Each with his/her/their/ political agenda.

I think we can guess where this is heading.

 

Comments

  • Alan says:

    Except for the fevered egos taking part, who actually cares? No one sane anyway

  • Minnesota says:

    I am an avid music listener and enjoyed hearing the brilliant but sadly now-late Michael Steinberg several times and discussing some things with him when he worked for the Minnesota Orchestra. But, it is hard to imagine anything less interesting in the present day than these two careerists arguing about how many ghosts fit on the head of a pin.

    • California says:

      Steinberg may be dead but lots of his insightful and clear program notes remain and are accessible at the SFSO and elsewhere.

      Someone should task a group of these latterday pinheads to compile all extant program notes for every piece of music at a nice free portal in exchange for a grant.

      • Stephen Owades says:

        There are several published volumes of Michael Steinberg’s wonderful program notes: “The Symphony,” “The Concerto,” and “Choral Masterworks.” Michael was a friend of mine, and a fine writer and thinker about music.

        As for “free,” most program notes are copyrighted by the author or the commissioning organization, and can’t be republished without permission or licensing.

  • Alphonse says:

    The face of evil. These truly are the end times.

  • Anon says:

    Have you heard any of his cello playing, which he has posted on the internet. Way out of tune and no sense of phrasing. How can he teach theory when he can’t even tell he is playing out of tune.

  • David says:

    Norman, maybe comment on it critically after you listen to the seminar? Your ad hominem attacks, whether it’s towards certain female musicians, certain country’s governments, or certain musicologists, are getting old. This is something one should learn to leave behind on the playgrounds. Is this how you would want to be remembered? Is this kind of cheap gossip the legacy you will leave behind? I will certainly remember you this way, at least while I still care to remember.

    • BRUCEB says:

      Reading his books will tell you the answer to your questions.

    • Charles Brink says:

      David,

      I agree with you. Norman’s often very interesting blog is made less than serious by his petty sniping.
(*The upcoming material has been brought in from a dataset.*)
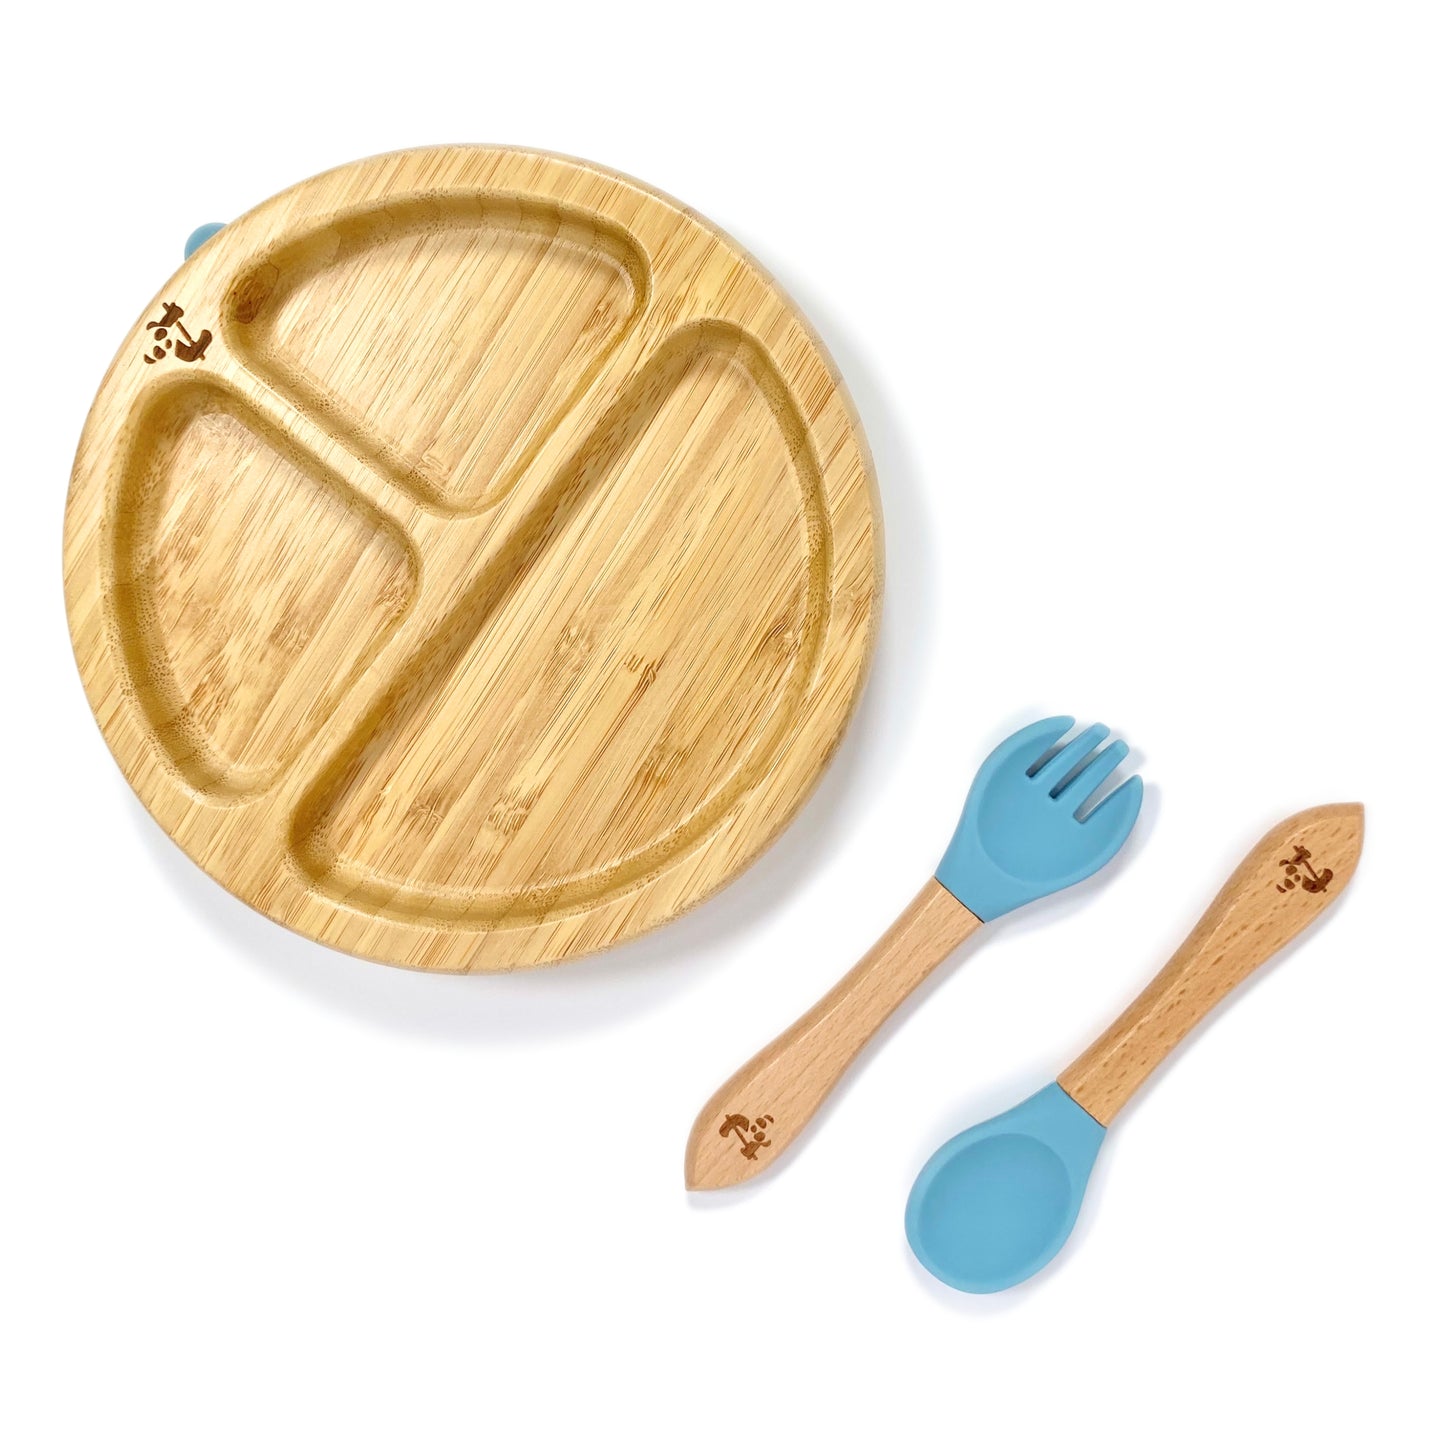 A children’s bamboo tableware set, including bamboo section plate with sky blue silicone suction ring, and matching bamboo and silicone cutlery.

He does this for clicks, which is understandable, but it certainly seems like he likes to stir up the get-a-lifers here.
      Yes, Norman, we know you and yours are anti- woke, and everying the old days was so much better. Critics are not musicians we must remember.

  • Patrick says:

    This matters not. (Unless you give it exposure)

  • Alviano says:

    They should invite Donald Trump, High Priest of Post-Truth.

    • Simone Alexander says:

      Biden is responsible for America’s epic downfall into victim-hood.

      Ask the Taliban since Biden obeys them..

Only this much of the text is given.